Analyzing the media’s role in the 2016 general election

Back when I first discovered Memeorandum and built my first rudimentary scraper, I scraped and downloaded the text from each day of the 2016 general election. Unfortunately my parsing was a little sloppy and I had never heard of tidy data at the time, so the file I saved is a bit of a mess. But thanks to stringr, gather(), and some gumption, tidying the data now is a breeze!

general <- 
  read_csv(file_general) %>% 
  select(-X1) %>% 
  gather(key = date, value = headline, -Byline, -Outlet) %>% 
  mutate(
    headline = 
      stri_replace_all_fixed(headline, ": ", "") %>% 
      stri_replace_all_fixed("'s", "") %>% 
      str_to_lower() %>% 
      str_replace_all("\\-", " ") %>% 
      str_replace_all("\\'s", "") %>%  
      str_remove_all("[:punct:]"),
    date = str_replace(date, "\\.\\d", "") %>% ymd()
  ) %>% 
  rename_all(str_to_lower) %>% 
  select(date, everything()) %>% 
  filter(!is.na(headline))

general %>% 
  unnest_tokens(output = bigram, input = headline, token = "ngrams", n = 2) %>% 
  filter(!is.na(bigram)) %>% 
  count(bigram) %>% 
  separate(bigram, into = c("word1", "word2"), sep = " ") %>% 
  filter(!word1 %in% stop_words$word, !word2 %in% stop_words$word) %>% 
  arrange(desc(n)) %>% 
  filter(n >= 80) %>% 
  graph_from_data_frame() %>% 
  ggraph() +
  geom_edge_link(
    aes(edge_alpha = n), 
    show.legend = FALSE
  ) + 
  geom_node_point() + 
  geom_node_text(aes(label = name), vjust = 1, hjust = 1) + 
  theme_void()

The bigram graph displays some familiar names and topics, but interestingly the word “Trump” is less of a focal point. The largest subgraph, which includes both Trump and Clinton, mostly reflects topics related to the campaign.
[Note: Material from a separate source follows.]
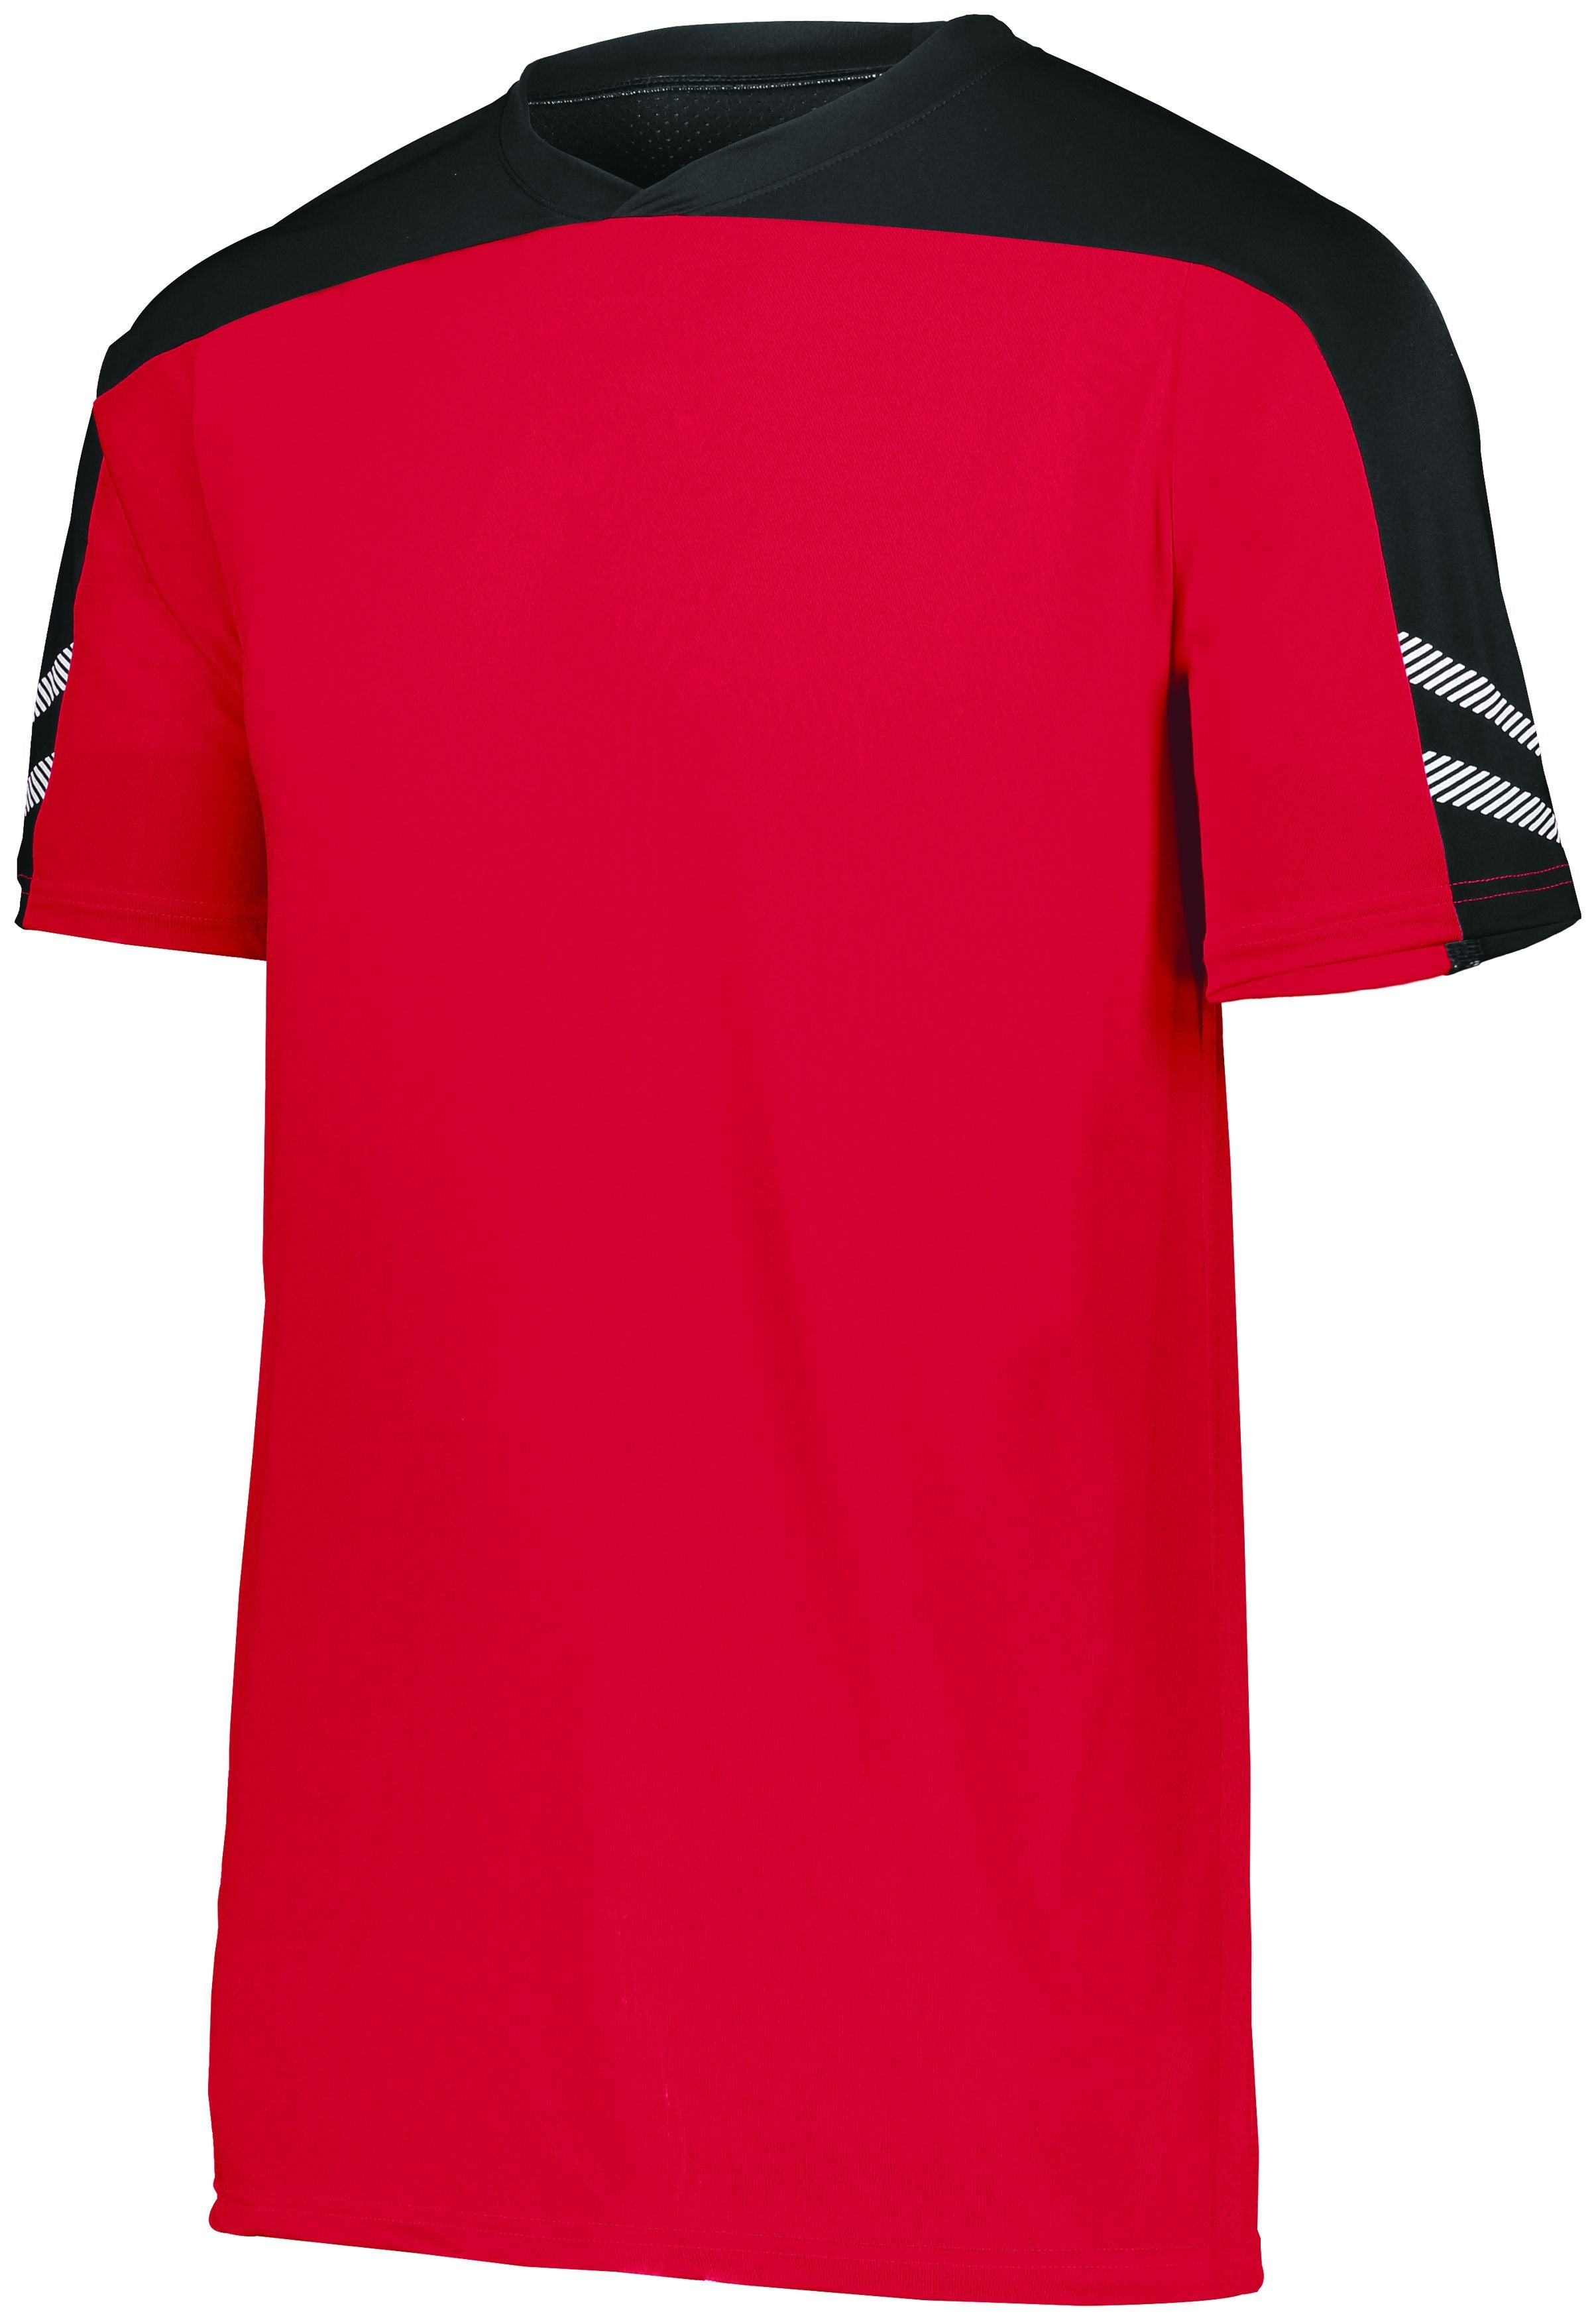 High 5 Youth Anfield Soccer Jersey in Scarlet/Black/White  -Part of the Youth, Youth-Jersey, High5-Products, Soccer, Shirts, All-Sports-1 product lines at KanaleyCreations.com

We can also revisit the tf-idf statistic to see which terms were important for short periods of time before fading from the news cycle.

general %>% 
  unnest_tokens(output = "word", input = headline) %>% 
  count(date, word, sort = TRUE) %>% 
  bind_tf_idf(word, date, n) %>% 
  arrange(desc(tf_idf)) %>% 
  top_n(n = 20, w = tf_idf) %>%
  group_by(word) %>% 
  summarise(
    tf_idf = sum(tf_idf)
  ) %>% 
  ungroup() %>% 
  ggplot(aes(reorder(word, tf_idf), tf_idf)) + 
  geom_col(fill = custom_palette[1], width = .75) + 
  coord_flip() + 
  custom_theme +
  labs(
    y = "TF-IDF",
    x = NULL,
    title = "Most 'important' words of the general election according to tf-idf",
    subtitle = "High tf-idf words are common in the document but rare elsewhere"
  ) 

The top term likely refers to the deadly sniper attack on Dallas police officers in July, 2016. The next few likely have to do with the #BlackLivesMatter movements that followed the tragic deaths of Alton Sterling in Baton Rouge and Sylville Smith in Milwaukee at the hands of police.
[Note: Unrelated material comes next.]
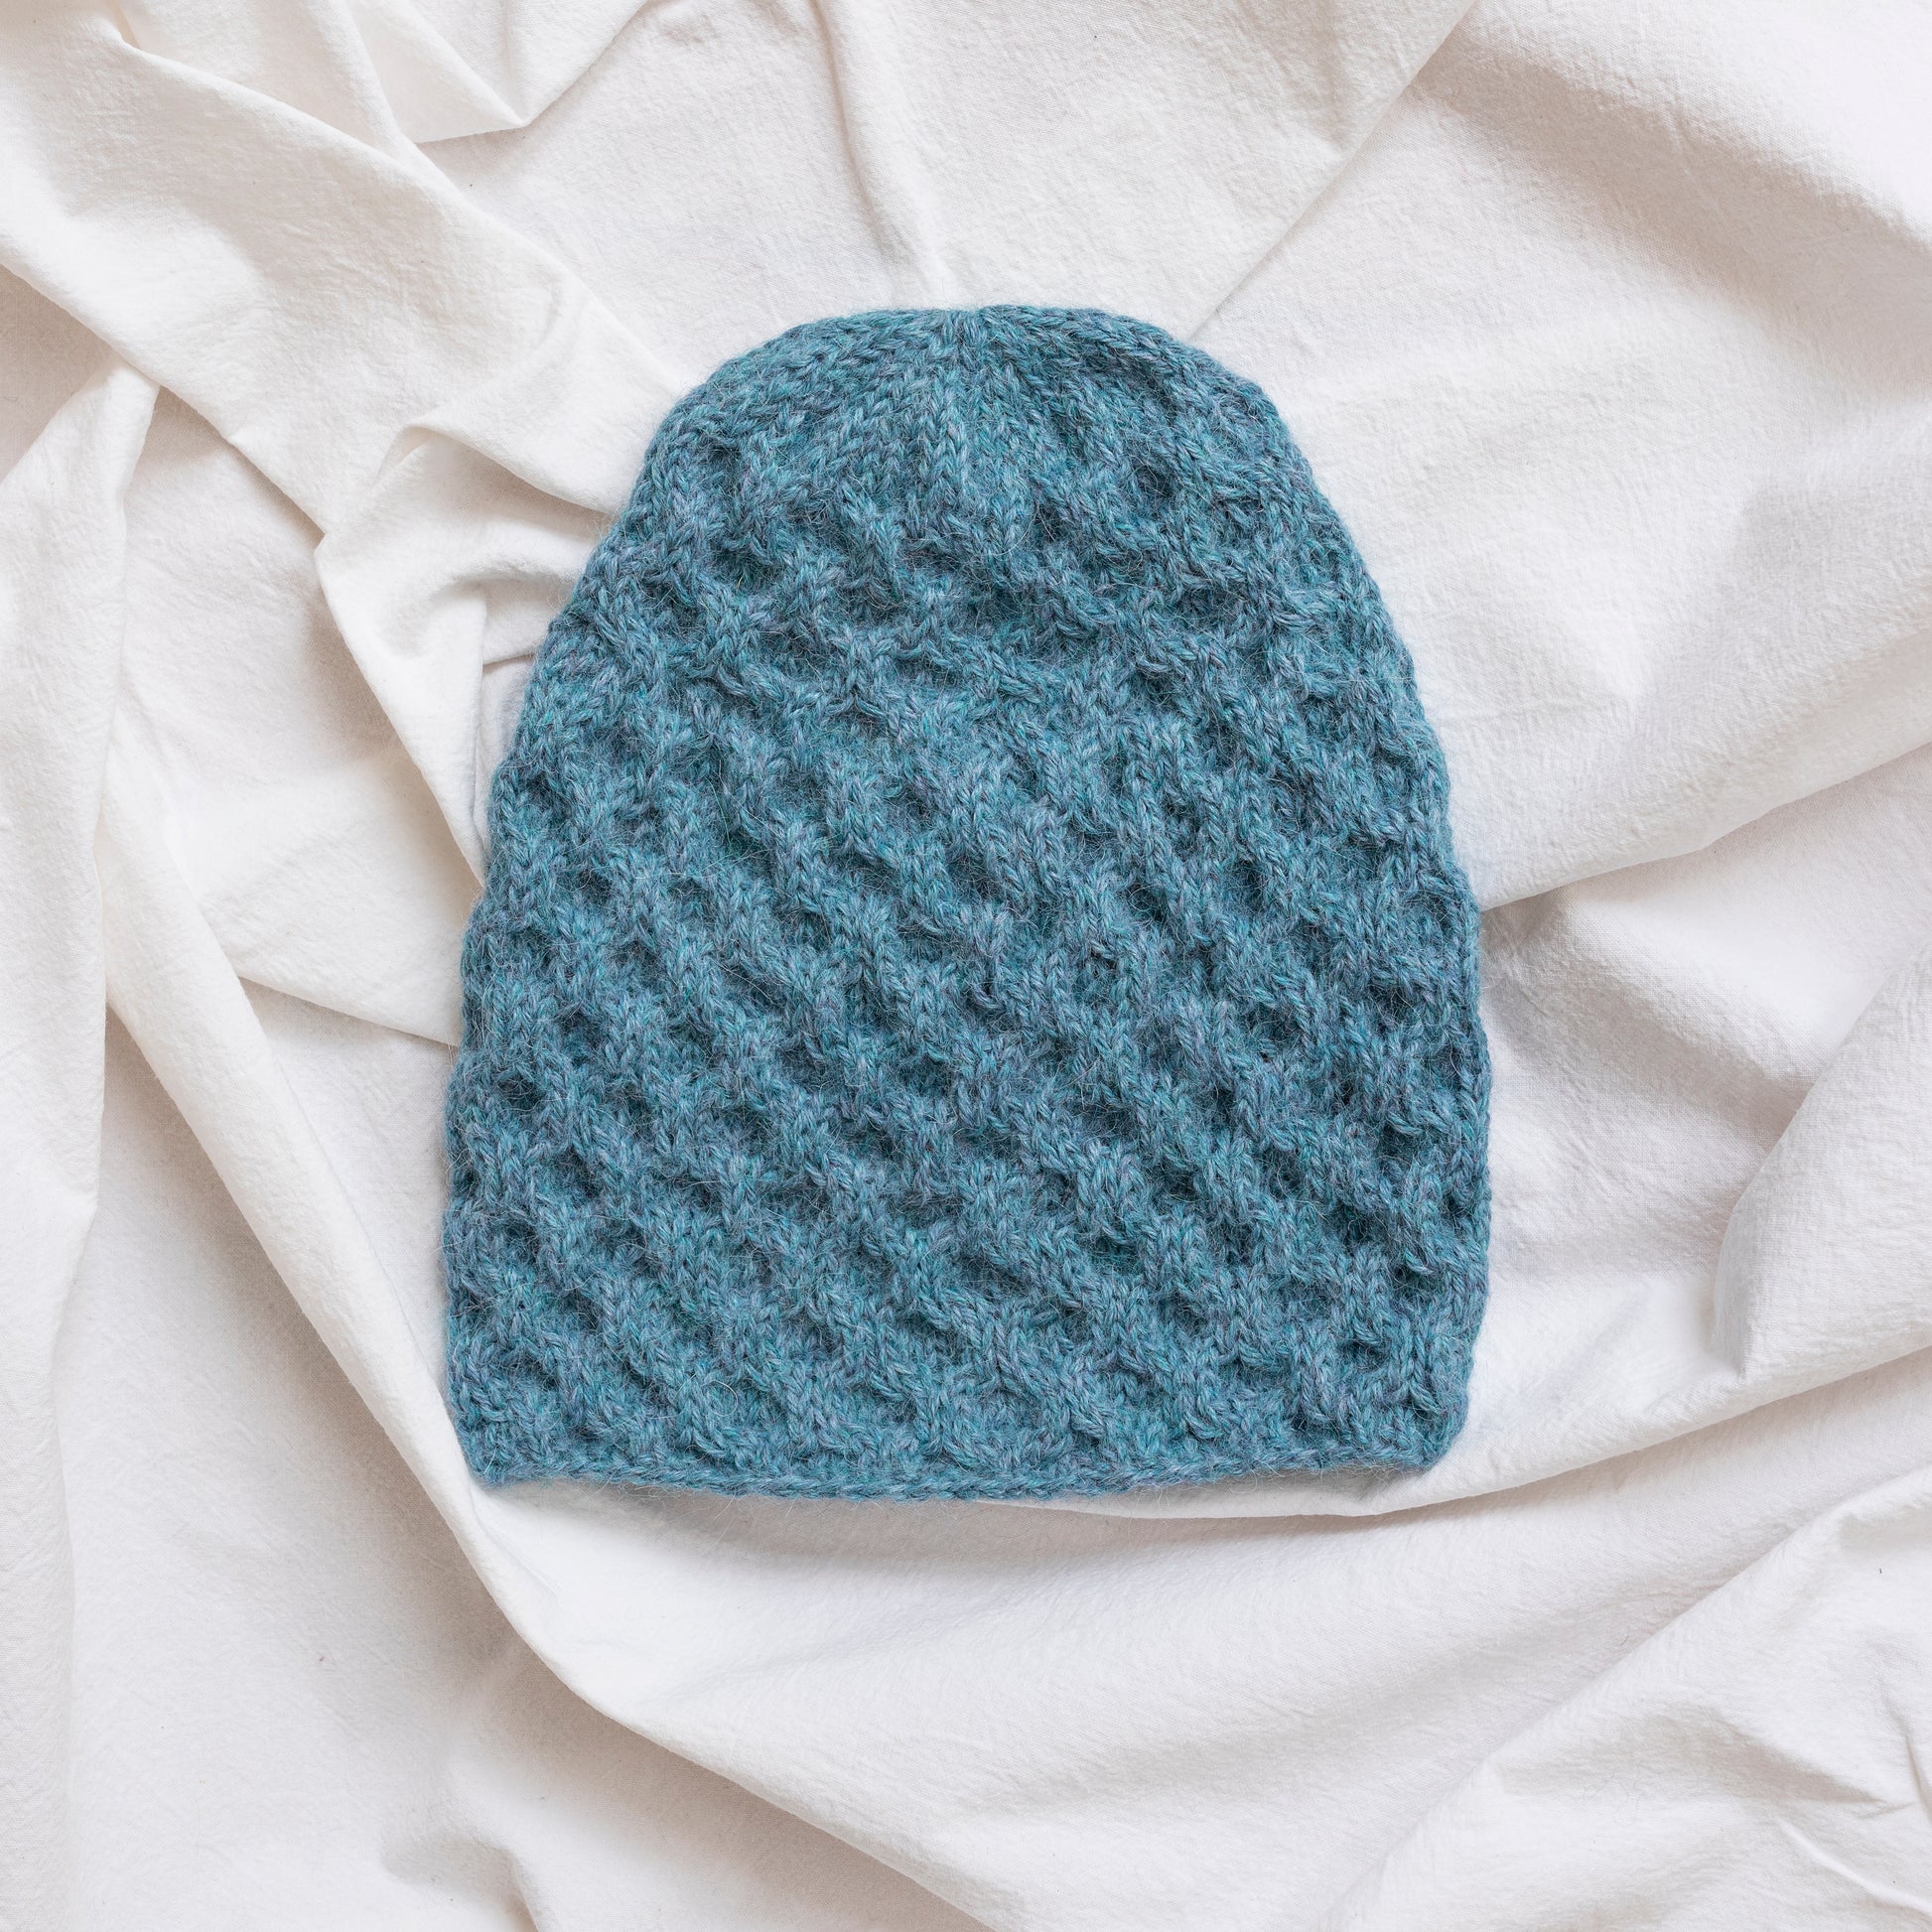 Textured hand-knitted sky blue coloured beanie hat.

The tf-idf scores from the past 90 days were interesting precisely because we weren’t interested in seeing how many times topics like President Trump were appearing in the news. In other words, finding that Trump is the most commonly referenced word in the news is not surprising now that he’s president. But during the campaign, we might have expected another topic — Hillary Clinton — to keep pace.
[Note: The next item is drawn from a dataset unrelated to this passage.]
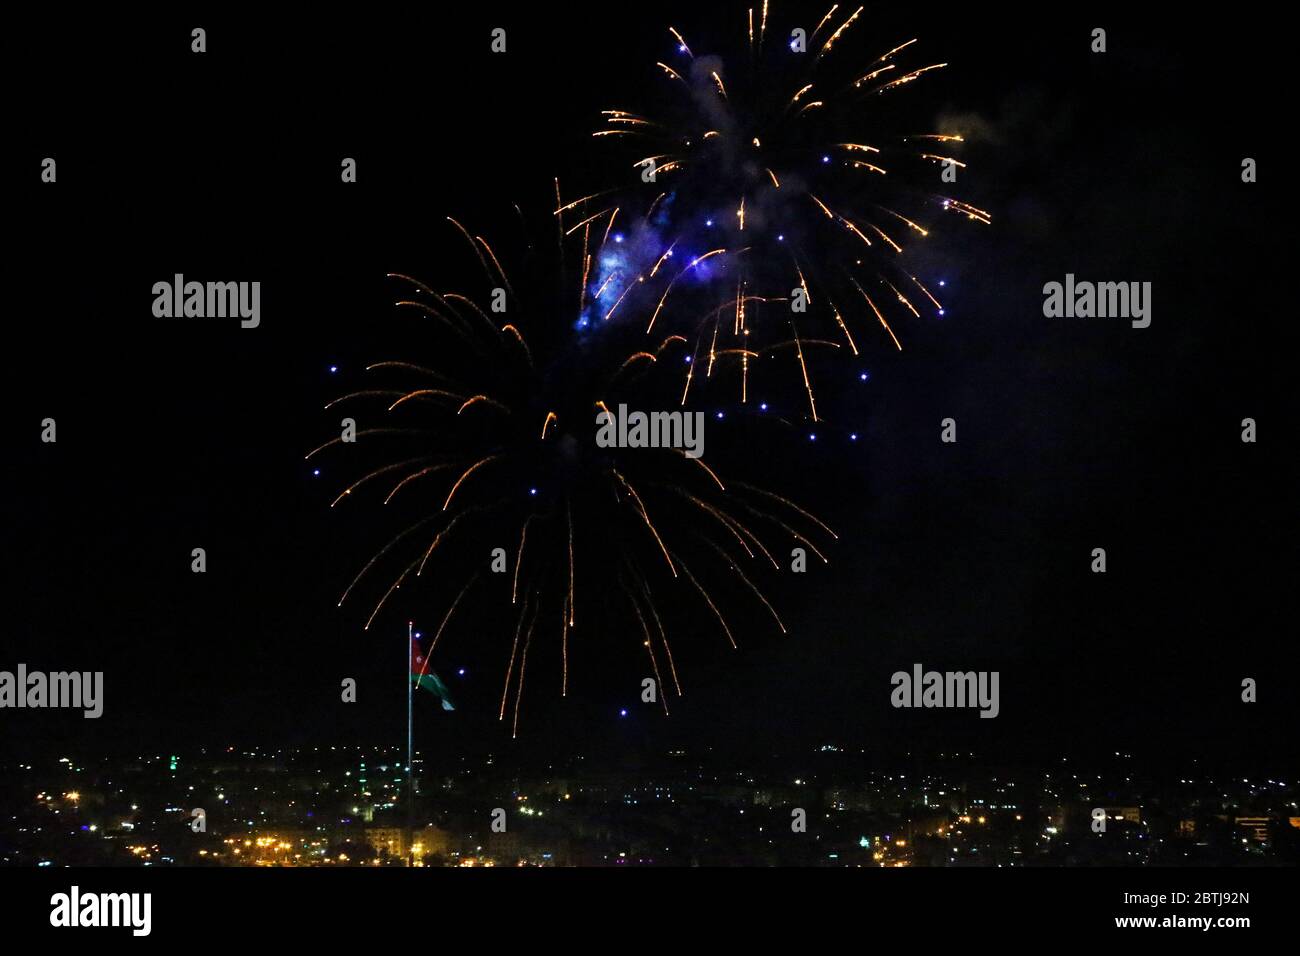 May 25, 2020: Amman, Jordan. 25 May 2020. Fireworks are displayed in Amman to celebrate the 74th anniversary of Jordan Independence Day. The commemoration of Jordan National Day, which is celebrated every year on 25th May, included fireworks, military parades, and a speech by King Abdullah II of Jordan. Independence Day marks the country's independence from British rule on 25 May 1946, and the following declaration of the Hashemite Kingdom of Jordan. The national flag was widely displayed to symbolise the significance of the day for the country (Credit Image: © Stringer/IMAGESLIVE via ZUMA Stock Photo

It turns out that the results from 2016 aren’t all that different from today: Trump’s name dominated Clinton’s in the headlines, and it wasn’t close. Of course, a huge portion of this coverage was negative (which can likely be said for Clinton, as well), and the impact of such an imbalance on the course of the campaign is hard to decipher. But the overall trend reflects Trump’s ability to leverage his daily outrages into unprecedented levels of free publicity.

general %>% 
  unnest_tokens(output = "word", input = headline) %>% 
  filter(word == "trump" | word == "clinton") %>% 
  mutate(
    word = str_to_title(word) %>% fct_relevel("Trump")
  ) %>% 
  count(date, word) %>% 
  ggplot(aes(date, n, fill = word, group = word)) + 
  geom_col(position = "dodge") + 
  scale_fill_manual(values = custom_palette[c(5,3)]) +
  custom_theme +
  labs(
    x = NULL,
    y = NULL,
    fill = NULL,
    title = "Trump dominated news coverage during the general election"
  )

general %>% 
  unnest_tokens(output = "word", input = headline) %>% 
  filter(word == "trump" | word == "clinton") %>% 
  mutate(
    word = str_to_title(word)
  ) %>% 
  count(date, word) %>% 
  spread(key = word, value = n) %>% 
  mutate(
    diff = Trump - Clinton,
    trump_clinton = if_else(
      diff <= 0, 
      "Clinton mentioned more", 
      "Trump mentioned more"
    )
  ) %>% 
  ggplot(aes(date, diff, fill = trump_clinton)) + 
  geom_col() +
  scale_fill_manual(values = custom_palette[c(3, 5)]) +
  custom_theme + 
  theme(
    legend.position = c(.5, .85)
  ) +
  labs(
    y = "Difference in mentions",
    x = NULL,
    fill = NULL,
    title = "Trump was mentioned more than Clinton on all but a handful of days\nduring the election"
  )

Since the early days of the election cycle, the imbalance in coverage between Trump and everyone else has been questioned and scrutinized, and it’s unclear what effect it might have had on the campagin. After all, Clinton didn’t lose for a lack of name recognition. But still, the inordinate attention paid to Trump’s antics clearly benefited his campaign — some researchers say to the tune of at least $2 billion — and may have informed his team’s internal decision to focus on digital persuasion rather than traditional ad buys.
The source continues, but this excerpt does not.